I recently finished leading an AI Safety Camp project on Wise AI Advisors[1] (my team included Chris Cooper, Matt Hampton, and Richard Kroon). Since we want to share our work in an orderly fashion, I’m launching Wise AI Wednesdays. Each Wednesday[2], I (or one of my teammates) will be sharing a post, initially drawn from our AI Safety Camp outputs, but later including shifting to include future work and outputs summaries or commentary on related research. I’m hoping that a regular posting schedule will help cultivate Wise AI/Wise AI Advisors as a subfield of AI Safety.
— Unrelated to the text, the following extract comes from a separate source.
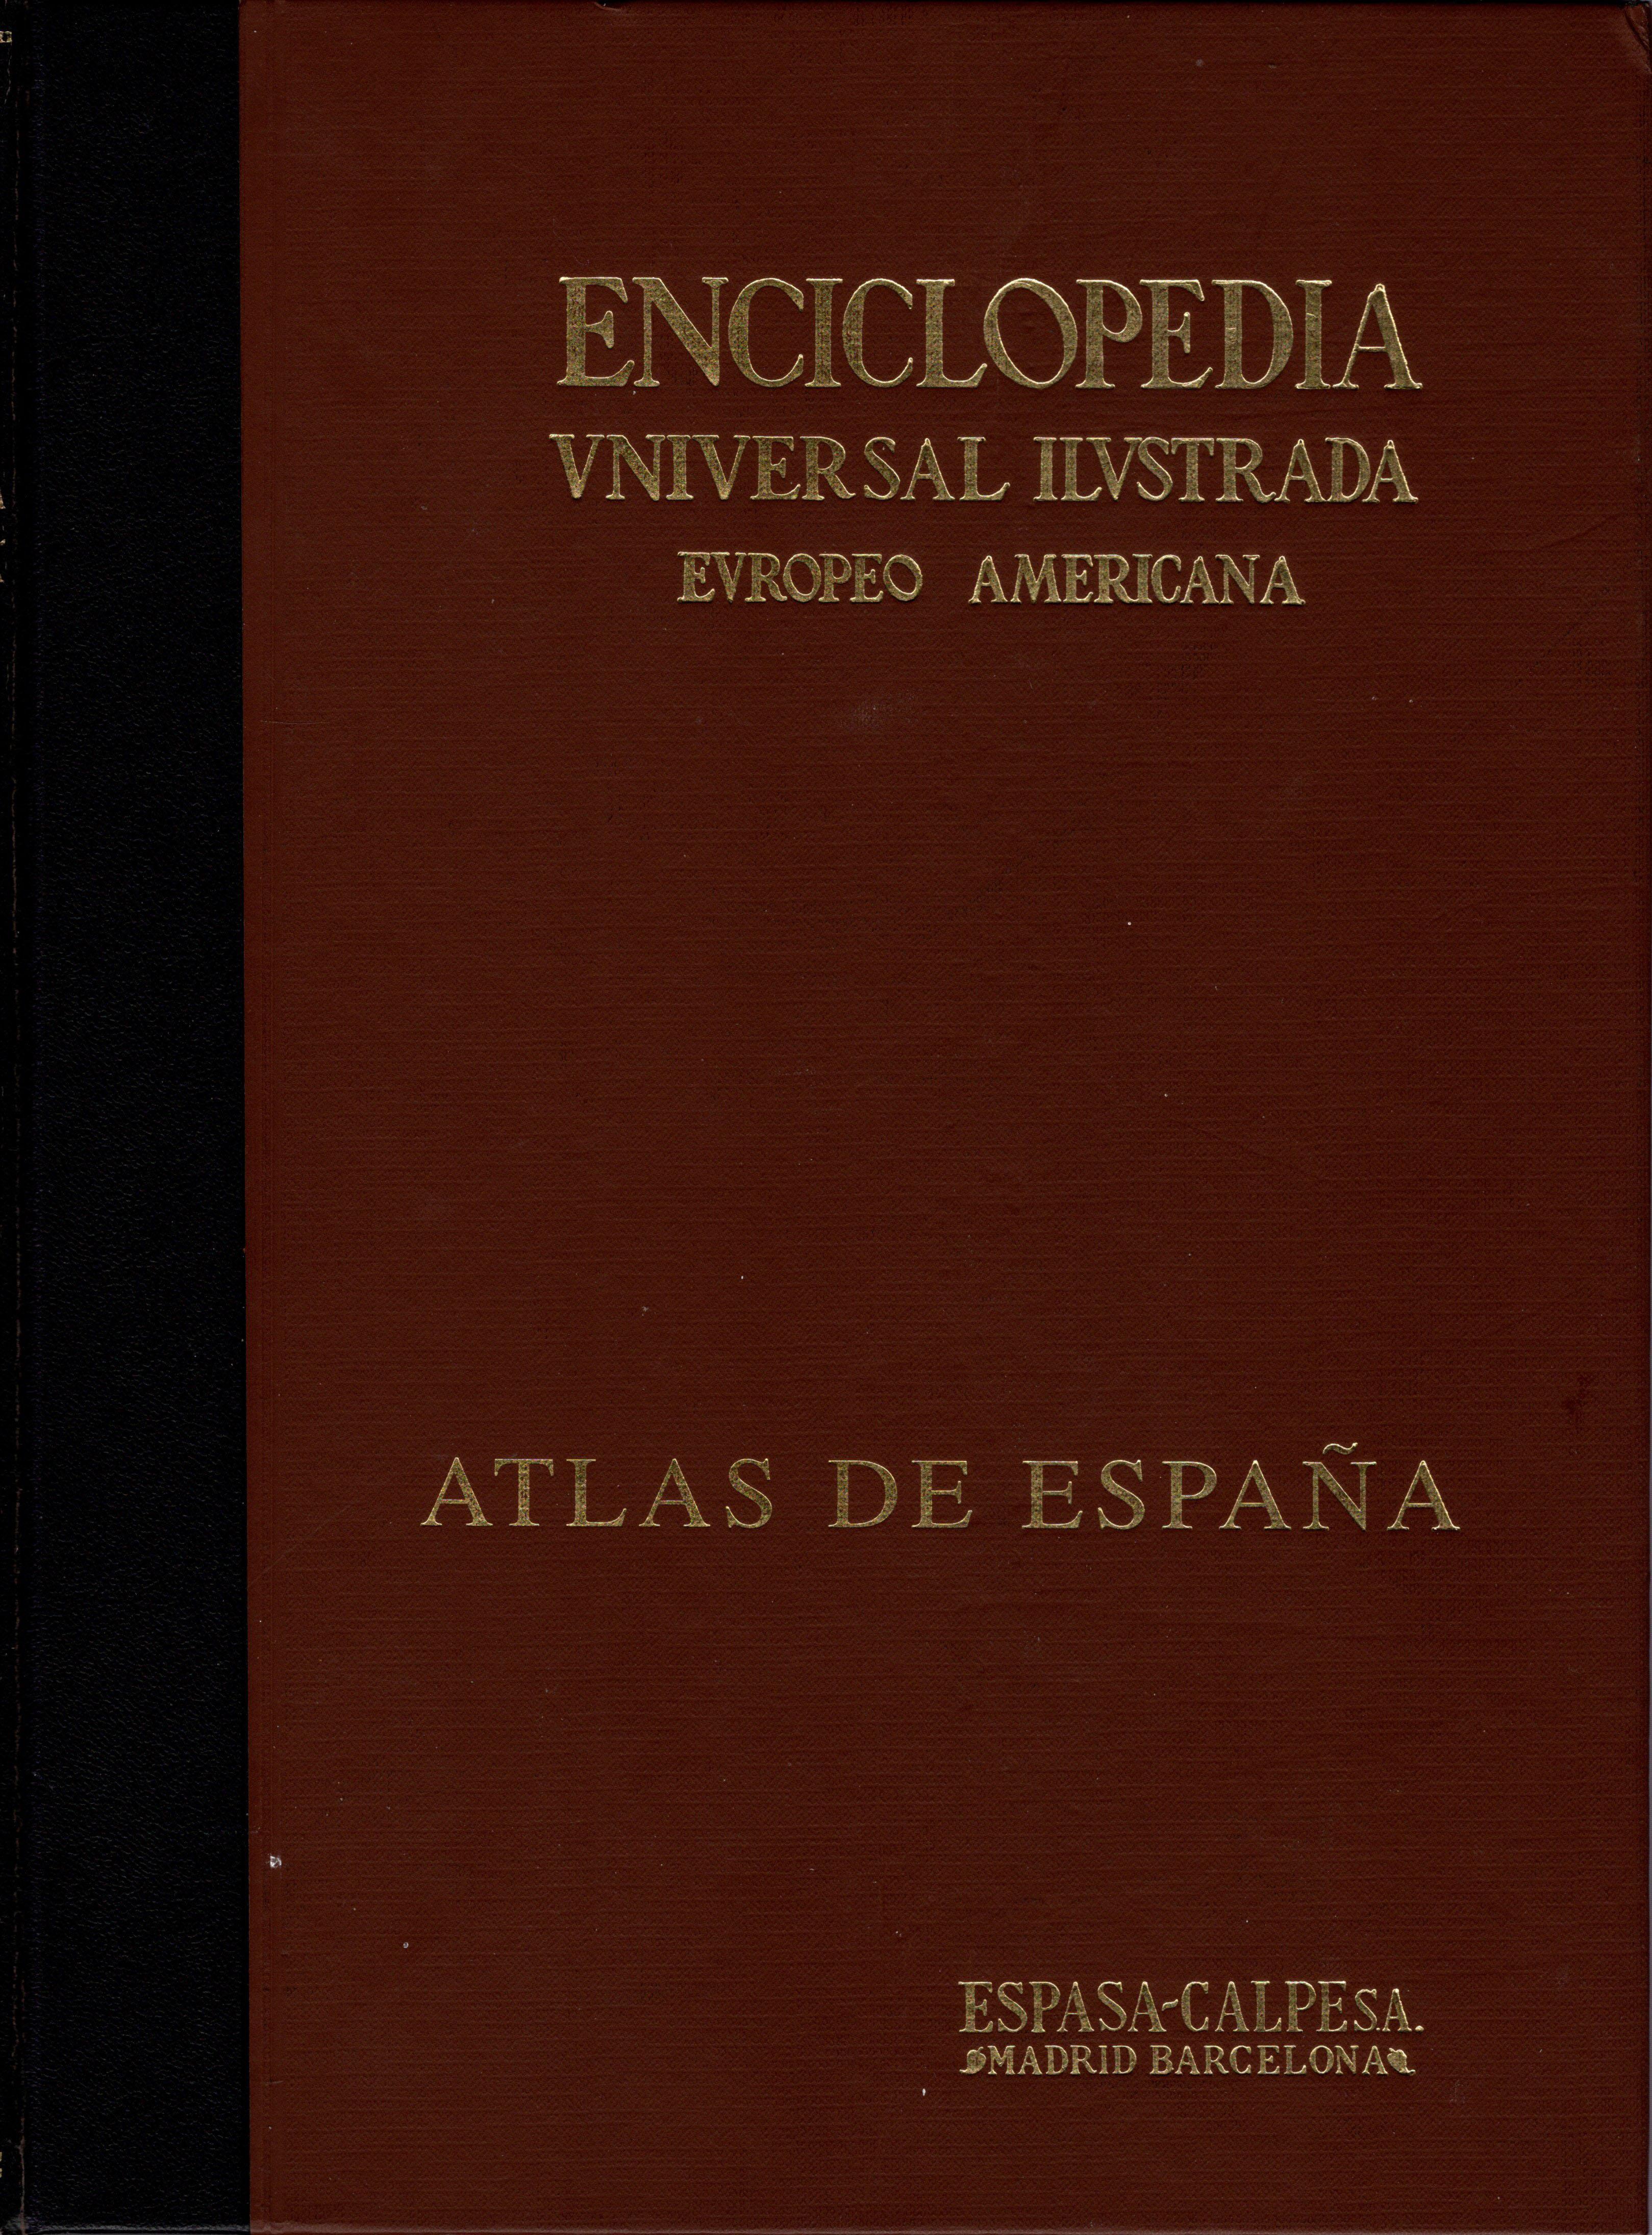 Enciclopedia Universal Ilustrada Europeo Americana - Atlas de España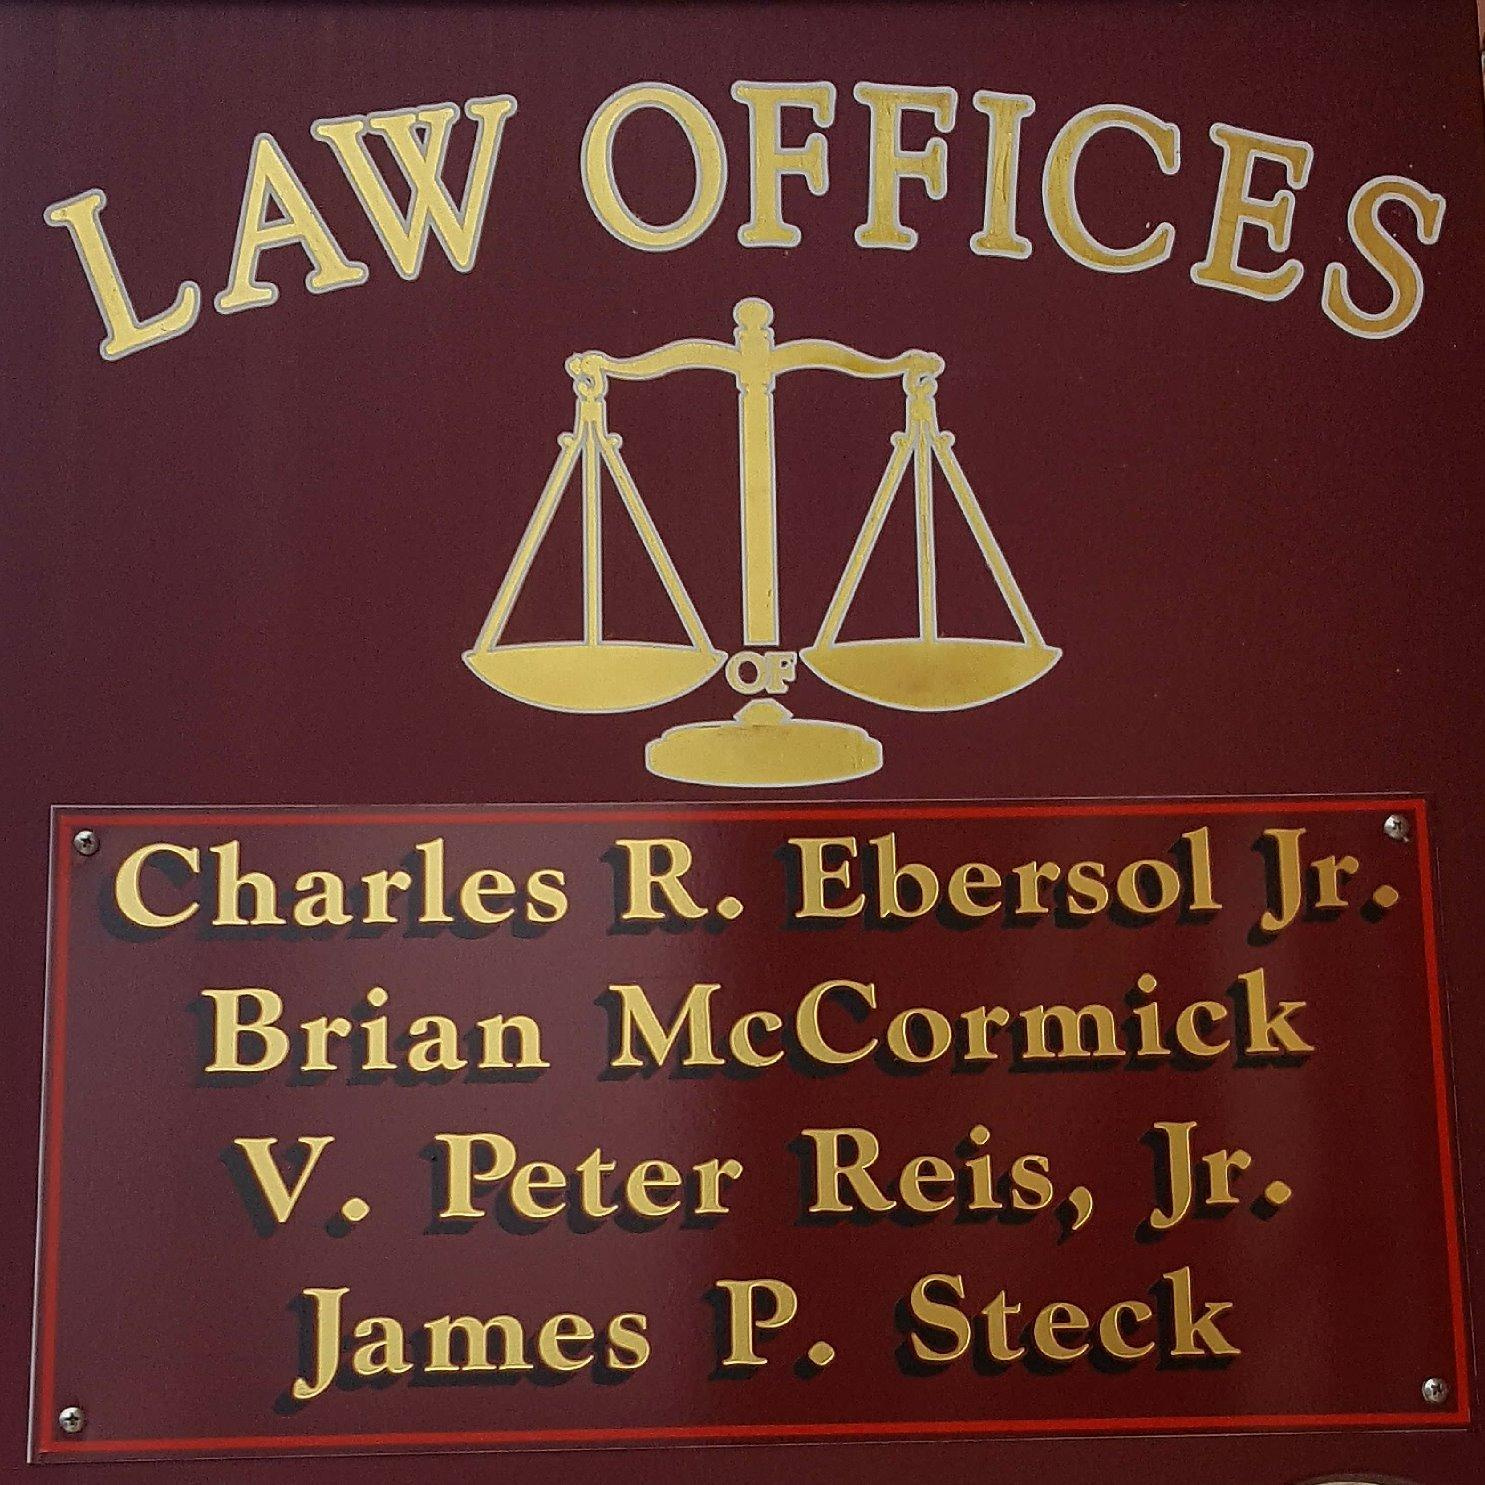 Ebersol, McCormick, Reis & Steck, LLC

This inaugural post provides an update on how my views on AI and wisdom have changed since I won 3rd prize in the Automation of Wisdom and Philosophy Competition. My views have evolved considerably since then, so I thought it was worth listing a number of updates I've made:
- Broadening My Focus: I had originally labelled my research direction as Wise AI Advisors via Imitation Learning. While I still see this as a particularly promising approach, I’m now interested in Wise AI Advisors more broadly. Many different reasonable-sounding paths exist; it would be arrogant to believe I’ve found the One True Path without much more investigation. I’m now more inclined to follow a 'let a thousand flowers bloom' path.
- More Favourable Funding Landscape: There seems to be more desire to fund work adjacent to this space than I had anticipated. For example: Cosmos x FIRE Truth-seeking Round and Fellowship on AI for Human Reasoning. I initially thought significant effort would be needed to convince funders, but it now seems quite possible to secure funding for Wise AI projects, even though you might have to choose a project that intersects with a funder's interest level.
- Increased Emphasis on Field-Building: Consequently, my focus has shifted from solely direct research progress to a combination of research and field-building. While I'm still defining what this entails, activities like establishing the case for Wise AI, exploring theories of impact, and identifying concrete, high-priority projects seem important right now.
- Expanded View of Possible Contributions: My ideas about what kind of work might be useful have broadened significantly thanks to AI Safety Camp and conversations with others. I now see a much wider range of ways people can contribute (see my draft post with project proposals).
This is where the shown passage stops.